When John is asked, Who are you? he answers with a string of nots. He is not the Messiah, nor is he Elijah the prophet. He is also not the light. What we know about who we are is aided by knowing who we are not. In our current darkness, as much as we might wish it were otherwise, we, like John, are not the light. We are not able to be all that our hurting world needs. In the shadow of these stressful days, I find an odd comfort in this reality. I am not meant to be who I am not. I am not Jesus, nor am I a prophet. I am not the light.

We are told that John himself was not the light . . . BUT—notice the compound sentence, each part having equal weight—BUT “he came to testify to the light.” Lest we be tempted to make our permanent home in who we are not, in the small cramped space of low expectations and limited responsibility, the second half of the sentence clarifies the first. It calls me out from the shadows and gives me my own significant part to play. I am not the light, but I am called to testify to the light. To testify is to tell my truth, the whole truth, to be held accountable for what I know and see. I am a witness to the light. I have watched it shine in my very own darkness.

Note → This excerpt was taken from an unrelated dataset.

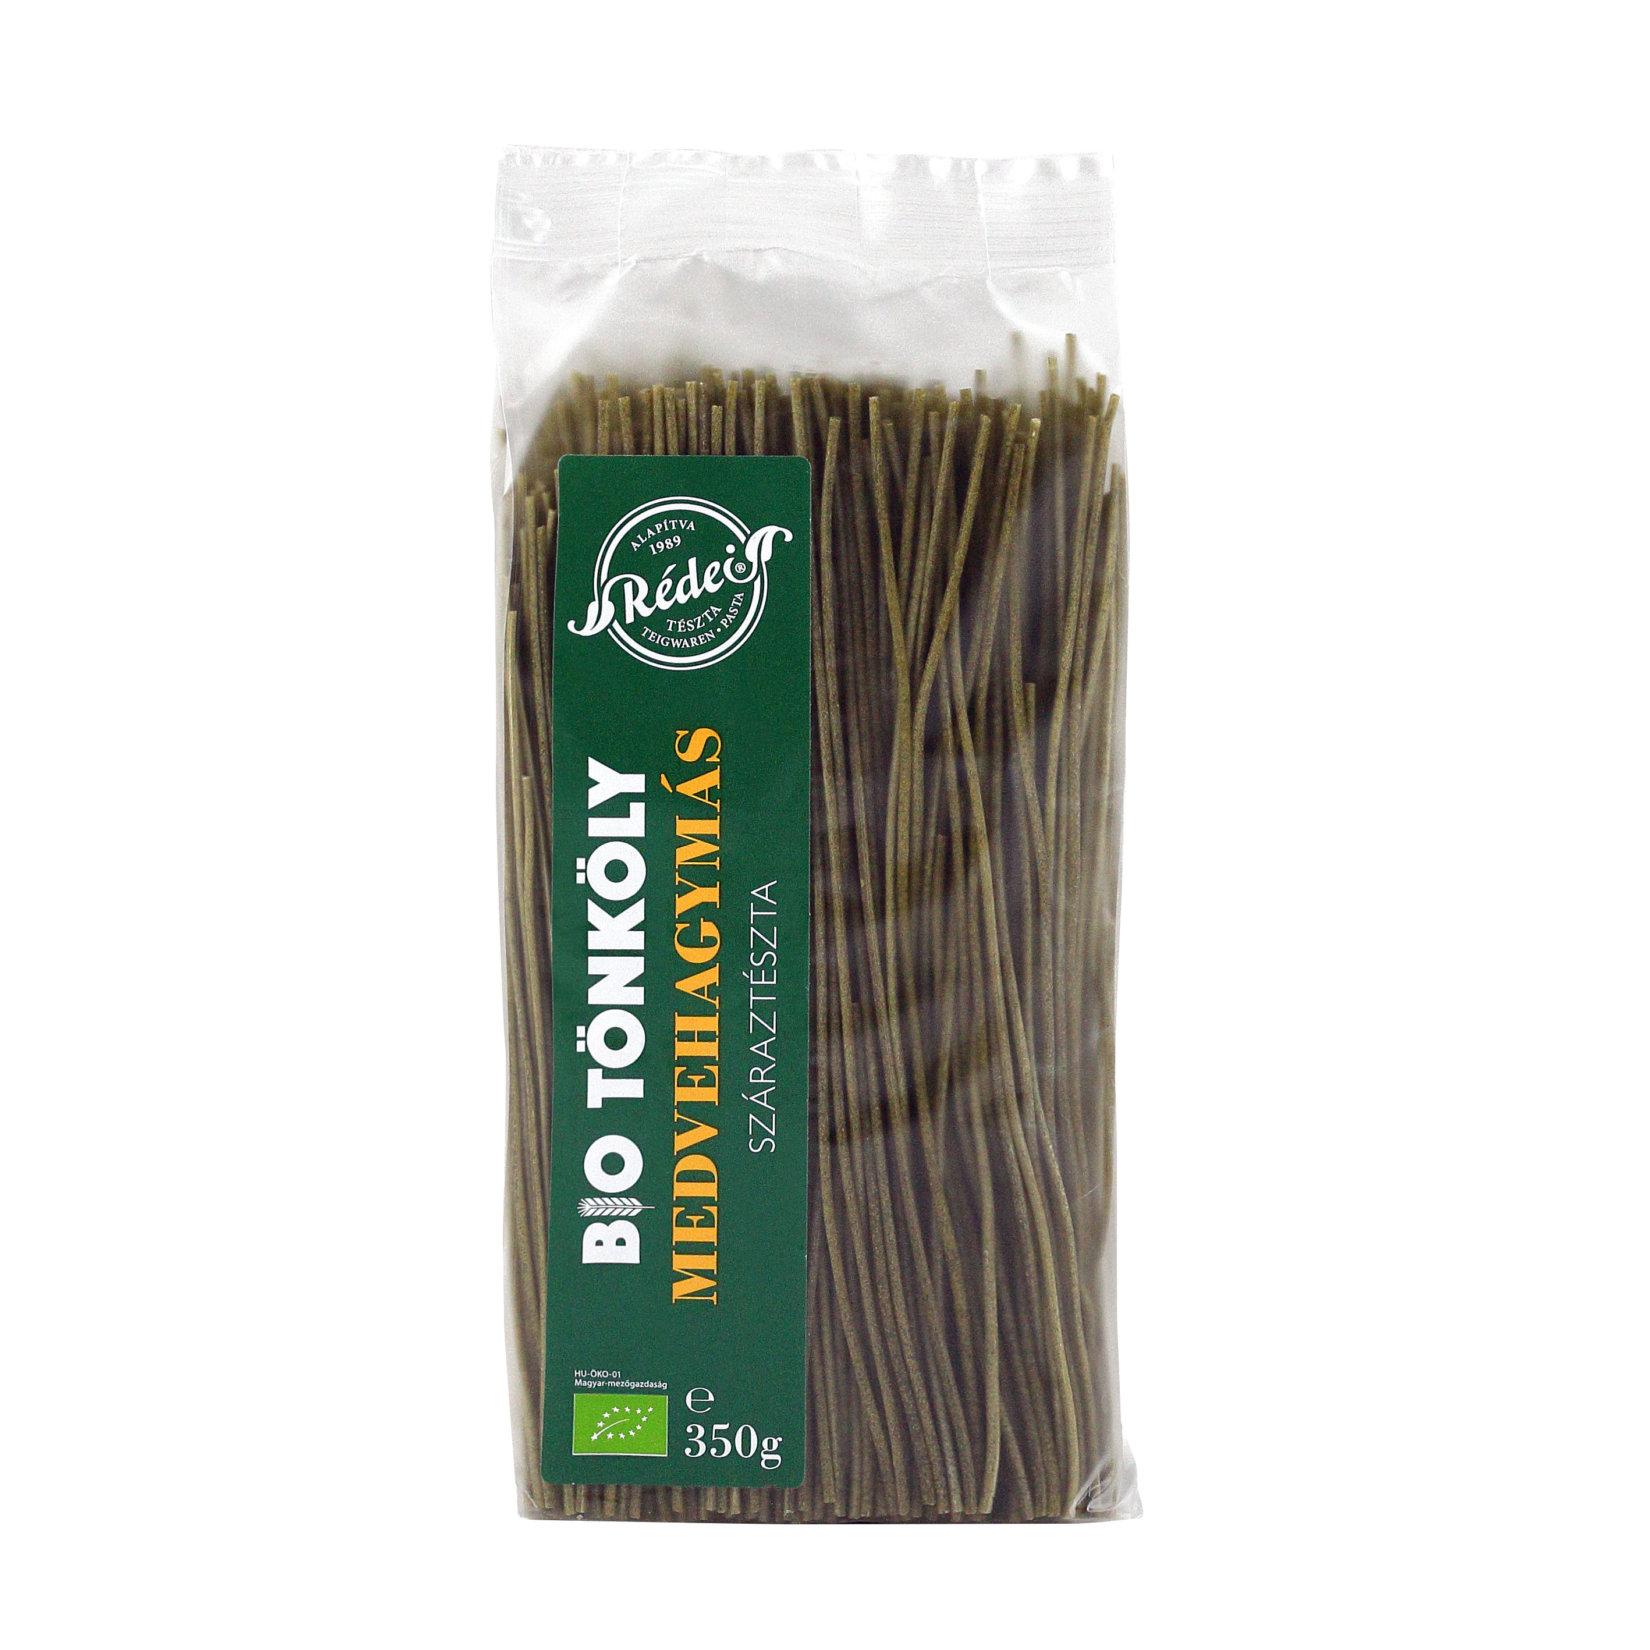 BioTonkoly_Medveh spagetti_350g_IMG_7014
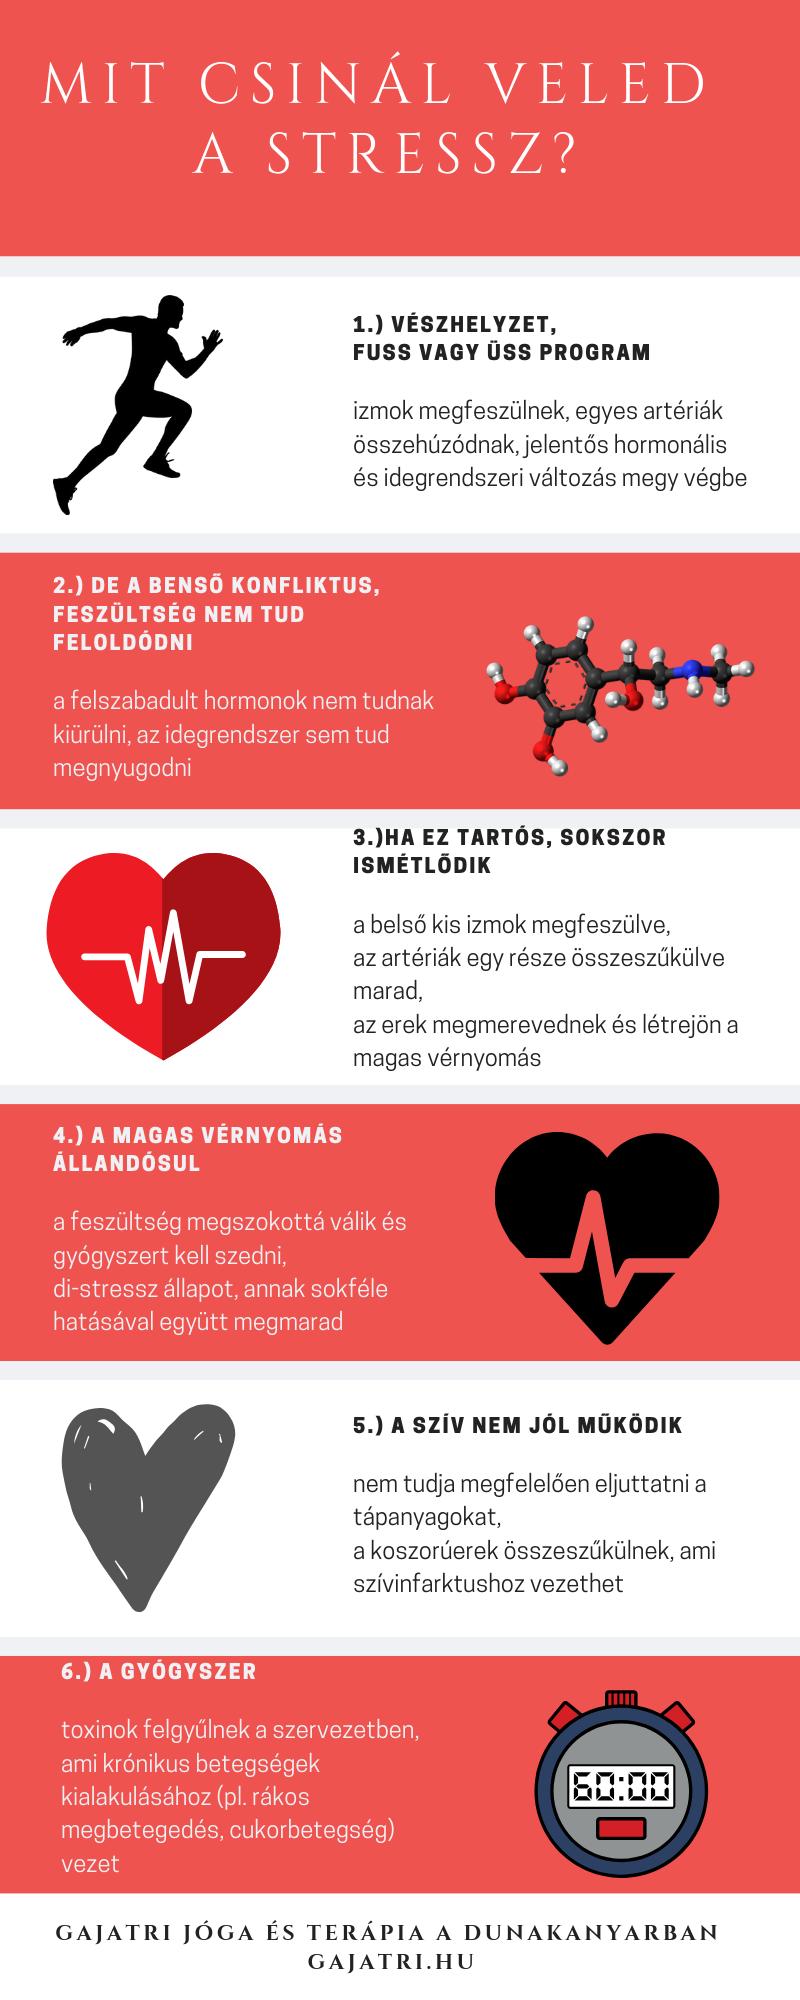 5 komponens tinktúrája magas vérnyomás esetén)

Light, of course, always shows up best in darkness. As it turns out in God’s wise economy, I serve the light best not by trying to be light, not by trying to create an illusion of light, but by being simply myself. A wondering, a waiting, a longing, a doubting, a sometimes lost and tired traveler. My unique darkness becomes my unique gift. It is how I testify to the light. The very parts of me that I think about trying to hide reveal the light most clearly. Because even in darkness—especially in darkness—the true light, oh how it loves to shine.